▸ TASK DIRECTIONS: Please copy the leading lines of the entries below exactly, concluding with the line in which "2006 nissan 350gt series 3 v35 skyline coupe find" occurs.
--- EXTRACTED ENTRIES Enclosed Below ---
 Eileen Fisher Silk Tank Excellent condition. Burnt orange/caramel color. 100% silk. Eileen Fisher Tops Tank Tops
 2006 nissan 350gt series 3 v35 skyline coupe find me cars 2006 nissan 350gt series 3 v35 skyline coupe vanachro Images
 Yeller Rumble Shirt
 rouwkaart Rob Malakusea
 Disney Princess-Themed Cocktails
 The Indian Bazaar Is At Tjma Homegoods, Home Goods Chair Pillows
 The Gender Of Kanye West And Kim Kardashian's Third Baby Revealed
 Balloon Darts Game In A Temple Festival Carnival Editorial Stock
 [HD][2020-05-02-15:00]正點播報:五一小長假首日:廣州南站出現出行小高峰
--- End of Enclosed EXTRACTED ENTRIES ---
▸ WRITTEN ANSWER:
 Eileen Fisher Silk Tank Excellent condition. Burnt orange/caramel color. 100% silk. Eileen Fisher Tops Tank Tops
 2006 nissan 350gt series 3 v35 skyline coupe find me cars 2006 nissan 350gt series 3 v35 skyline coupe vanachro Images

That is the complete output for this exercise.